To start, the HRTO had to determine whether or not Rougoor had reported the alleged sexual harassment during her employment, or only after it concluded, as asserted by GoodLife. To do so, the HRTO considered the documentary evidence as well as assessed the credibility and reliability of the witnesses. It found the employer's witnesses to be more credible, supported by consistent documentary evidence. Thus, the HRTO concluded that Rougoor did not report the alleged sexual harassment until 6 months after her termination, aligning with GoodLife Fitness's position.

Findings on Duty to Investigate:

The HRTO found that GoodLife Fitness had no duty under the OHRC to investigate the sexual harassment complaint made post-employment. The Tribunal cited that employers are generally not obligated to investigate complaints if the person requesting the investigation is no longer an employee. This principle was crucial in the decision, as the complaint was made long after Rougoor's termination.
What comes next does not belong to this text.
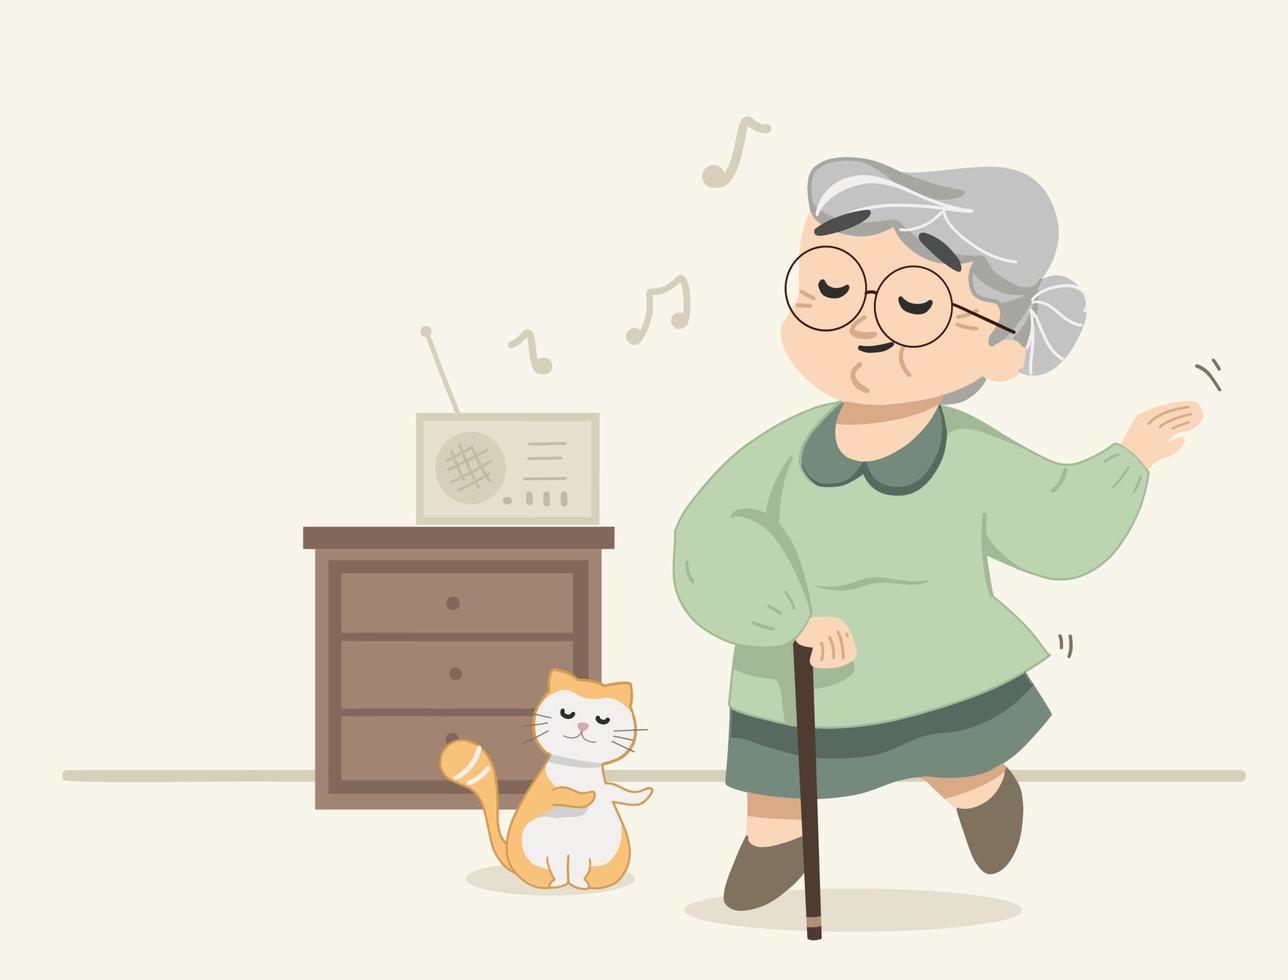 nonnina carina che balla sulla canzone alla radio. piccolo gatto che si unisce alla nonna mentre balla. illustrazione vettoriale piatto moderno carino.

Findings on Poisoned Work Environment:

The HRTO concluded that a poisoned work environment had not been established in this case because:

  • The sexual harassment did not become a condition of Rougoor's employment.
  • GoodLife Fitness was not aware of, nor should they have been aware of, the alleged sexual harassment during Rougoor's employment.
  • Since there was no evidence to suggest that GoodLife Fitness had any knowledge of the sexual harassment, they could not have acquiesced to a poisoned work environment.

The HRTO emphasized that for a work environment to be considered poisoned, the employer must have or should have had knowledge of the harassment, enabling them to take appropriate action. Without such knowledge, the employer cannot be held liable for creating or allowing a poisoned work environment.


Post-Termination Investigations and OHSA Compliance

While the HRTO decision clarifies that there is no obligation under the OHRC to investigate harassment complaints filed post-termination, employers must be mindful of other legal obligations. According to the Ontario Labour Relations Board (OLRB) in E.S. Fox Limited v. A Director under the Occupational Health and Safety Act, 2020 CanLII 75931 (ON LRB), employers may still need to investigate such complaints to comply with the Occupational Health and Safety Act. This is particularly relevant if the alleged harasser remains employed by the organization. The OLRB emphasized that unresolved harassment complaints could present ongoing workplace hazards, necessitating investigations even after the complainant's employment has ended.


Key Takeaways

For Employers:

  1. Policies and Procedures: Implement and enforce comprehensive policies and procedures for addressing workplace harassment and discrimination. Ensure employees are aware of these policies and the process for reporting incidents.
  2. Documentation: Maintain detailed and clear documentation of workplace incidents, complaints and the steps taken to investigate. This documentation can be crucial in defending against allegations of non-compliance with the OHRC.
  3. Investigation Duty: While there is no duty under the OHRC to investigate post-employment complaints, employers should ensure thorough investigations of any allegations during employment to avoid potential liability. Additionally, employers should seek legal advice on investigating post-termination complaints to comply with the OHSA, especially if the alleged harasser is still employed.

For Employees:

  1. Timely Reporting: Report any incidents of harassment or discrimination promptly and document the complaints to ensure they are formally acknowledged by the employer. If the employer fails to respond, seek legal counsel to understand the mechanisms available to enforce your rights.
  2. Understanding Rights: Understand the rights and protections under the OHRC. Employees should be aware that employers may not be obligated to investigate complaints made after termination.

The decision in Rougoor v. Goodlife Fitness Centres Inc. highlights the importance of timely and well-documented complaints and responses to workplace harassment and discrimination, providing valuable guidance for both employers and employees in maintaining a respectful and legally compliant work environment.